With all that said, summer’s overture mostly went off without a hitch.

People respected their neighbors, their beaches and their favorite pizza places and sub shops. They rode bikes, jogged on the boardwalk and said hello to friends parked in the car. They made room on the beach.

No one luxuriated on the beach more than toddlers who’d been cooped up for the last few months … and their trying-to-hold-on-for-dear-life parents.

Count among them Dave and Lauren Engel, and their nearly 2-year-old daughter. Nora let loose when she hit the Margate beach on May 23.

“She hasn’t napped like that for months,” Dave Engel said. It also gave Engel the chance to enjoy his favorite early evening summer pastime — reading Tolstoy.

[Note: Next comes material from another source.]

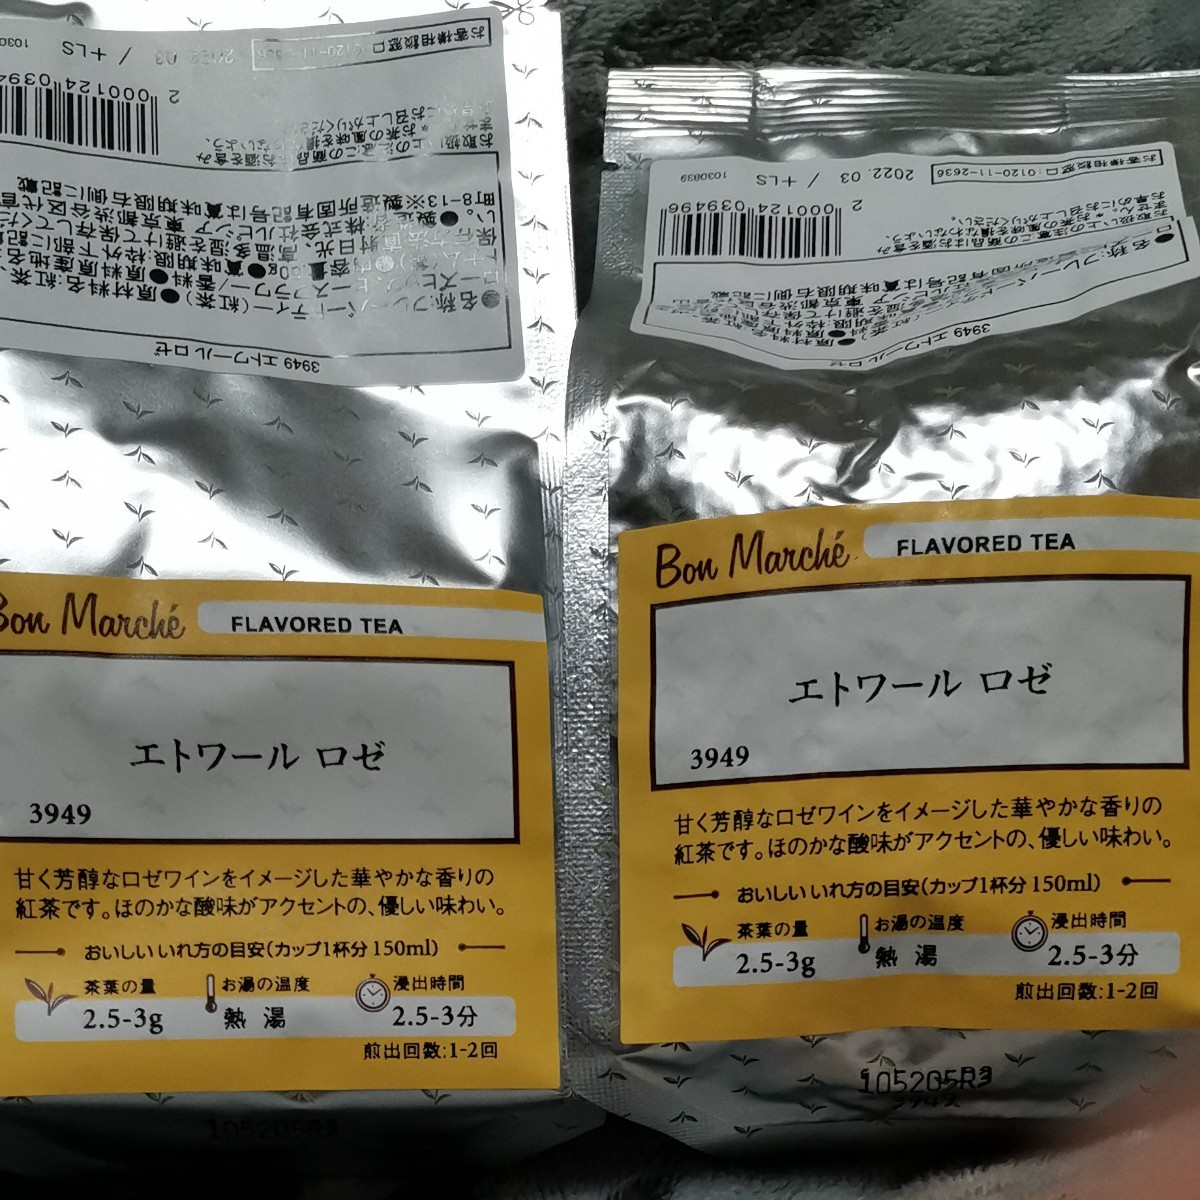 ルピシア エトワール ロゼ LUPICIA 甘く芳醇なロゼワイン 紅茶 ローズヒップ  ビタミンC ヒースフラワー 肌に良いハーブ

“And Lauren’s got her Dairy Bar. Even if we have to social distance and can’t eat at our favorite restaurants, a limited weekend at the shore is still better than no weekend at the shore.”

Same goes for the JCC — some is better than none at all.

The Milton and Betty Katz JCC in Margate remains the north star of shore Jewish life, but its physical campus is still closed.

Talk last week out of Trenton suggested that fitness centers could be opening in weeks, not months, said Genia Bittner, that JCC’s director of marketing and special events.

“So we are preparing our building to reopen in June; we don’t know what that date will be yet,” she said.

That means that Camp by the Sea, the longtime day camp held at the JCC, is still on the table — even if, as Chief Operating Officer Marg Rosenblatt explained, camp this year might include a capped enrollment and few off-campus field trips.

As the physical campus reopens, the JCC is committed, Rosenblatt said, to holding classes and other programming online.

Virtual concerts, virtual comedy shows … all those things are forthcoming.

“Even after we physically reopen, we won’t be cramming 500 people in our auditorium for a while,” Rosenblatt said.